Brownsboro guide Brandon Hunter has filed his late-April Kentucky Lake report and the headline is that almost everything on the Tennessee River is running ahead of the calendar. Water temperatures, vegetation green-up and even the lake-level rise have arrived early — but the lake is still a foot below the level Hunter wants for the famous flipping bite, and that has compressed the late-April playbook into one or two narrow patterns.
"Everything seems to be ahead this year here on Kentucky Lake," Hunter told viewers in the report he filmed at his Vexus dealership shop. "Everything kind of greened up, water temperatures warmed up quick, and the water level they actually started pulling it up a little bit earlier this year it seemed like, but it's taking it a while to get to that full pool level."
Hunter's lake-level numbers were specific.
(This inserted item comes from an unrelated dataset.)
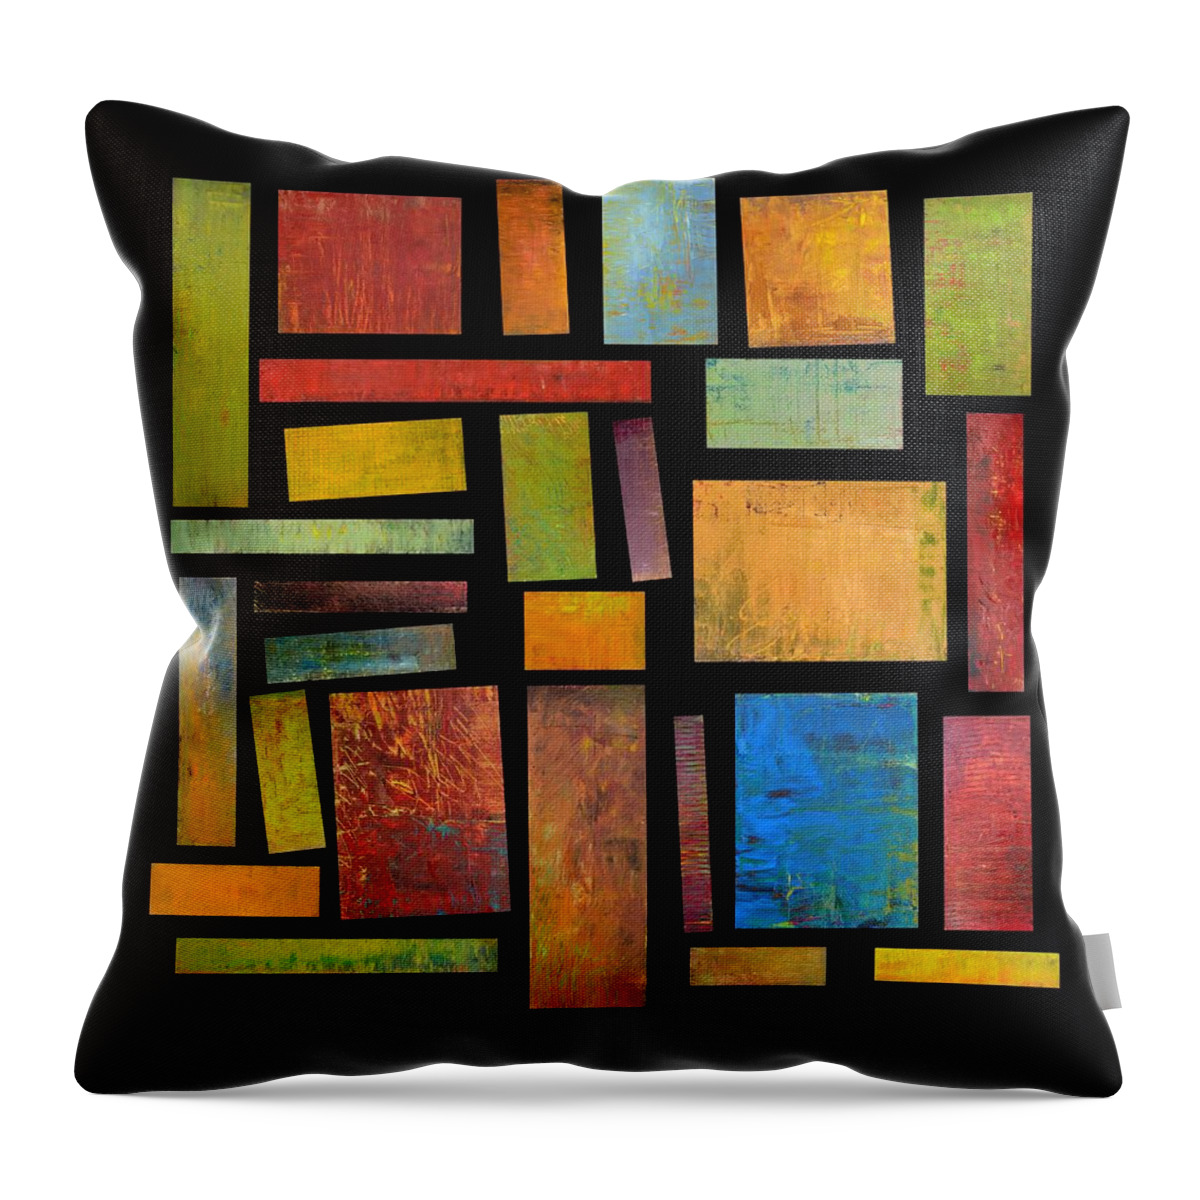 Textural Throw Pillow featuring the painting Building Blocks Three by Michelle Calkins
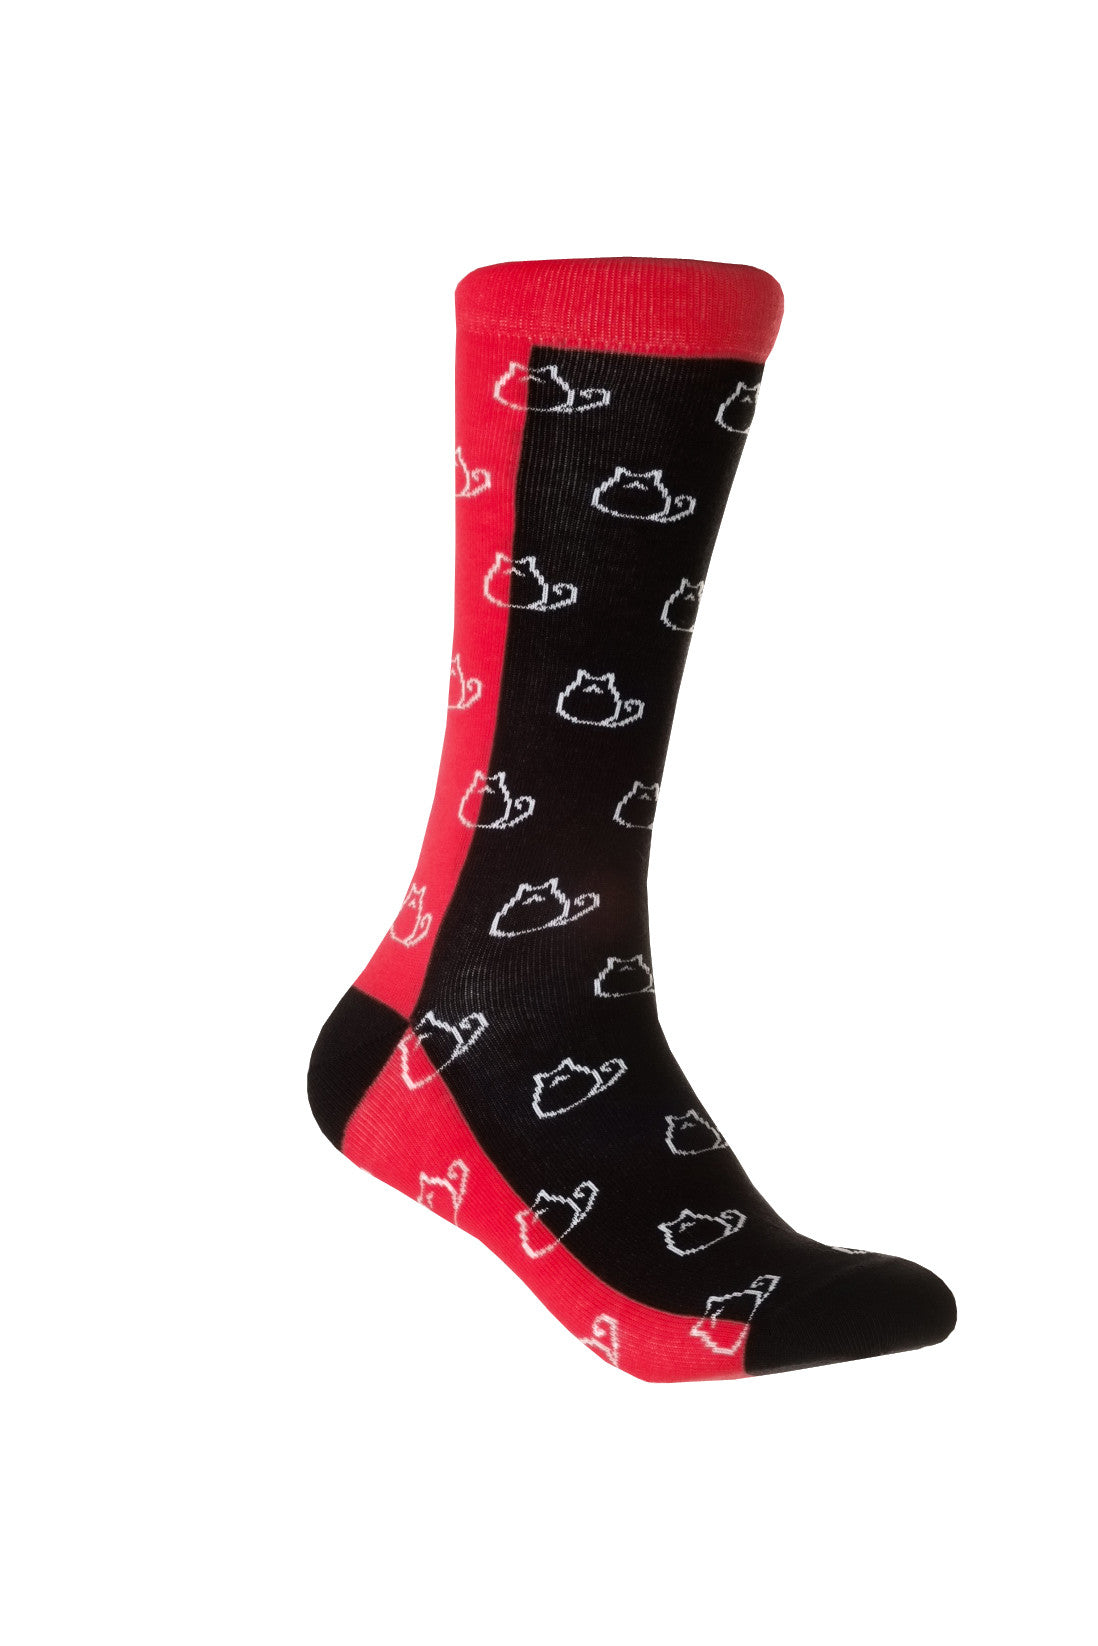 Giraffe Cool | Black Red and White Cats Brushed Cotton Socks Foot Front

The lake was sitting around 357 to 358, well short of the 359.5 mark that historically opens the flipping window on the north end. Without that extra foot of water, the bushes that anchor the spring flipping pattern are mostly dry, and a run of dry weather has left the system without the rain that would otherwise pull the level up.
The big positive in the report was the smallmouth spawn. "Smallmouth are dominating out here right now. You know, overall I feel like the weights are better fishing for the smallmouth," Hunter said, pointing to the Toyota Series finish a fortnight earlier and the USA Bass event running through the lake the week of the recording. He was candid about his own gap on the technology front. "I'll be the first to admit that I'm not as good with the live scope as some of these younger guys. I'm I'm I'm learning it just like just like all of us are."
For anglers who do not want to live behind a screen, Hunter pushed a slow side-pocket shaky head pattern. He recommended a 6th Sense Bounce Worm — the new 3.8-inch in green pumpkin — rigged on an eighth or 3/16th-ounce shaky head and fan-cast from 12 to 14 feet of water back toward the bank. The reasoning was specific to the Tennessee River: largemouth often spawn in three-to-five-foot water rather than locked on visible beds, which means anglers pitching the bank are often sitting directly on top of bedded fish without realising it.
Hunter said the rest of the kit list for the next two weeks should include a 6th Sense Boost-A-Ned on a Dome Head for fish locked to gravel washes and turns, and a Provoke 106 Jaint Juice jerk bait for cloudy overcast days when post-spawn smallmouth suspend over offshore stumps. The slow swimbait bite that he expected to fire by late April has not materialised. "I think that's one reason that that swimbait bite is not really there like it should be," Hunter said, blaming the absence of TVA flow for failing to pin smallmouth down to the bottom where the swimbait shines.
Two windows are opening up. The first is the largemouth fry-guarder bite, which Hunter said started last week with a wacky-rigged 6.7-inch Bounce Worm in pink, and which should accelerate in the next fortnight. The second is the iconic Kentucky Lake yellow flower frog bite, which Hunter said is unusually loaded this year because the lake has not flooded the buttercup-style blooms out. "I promise you there's going to be yellow flower bite," he said, pointing to the Hush Frog and Vega Frog as the tools to throw once the water creeps up around the flowers.
Hunter wrapped his report by reminding viewers that the spawn is a tricky window in any fishery, and that visiting Kentucky Lake anglers should be patient — back the boat off, fan-cast slack water in side pockets, and trust the side-pocket shaky head program until the TVA opens the gates and the wind drives the fish back into the lures they want to chase.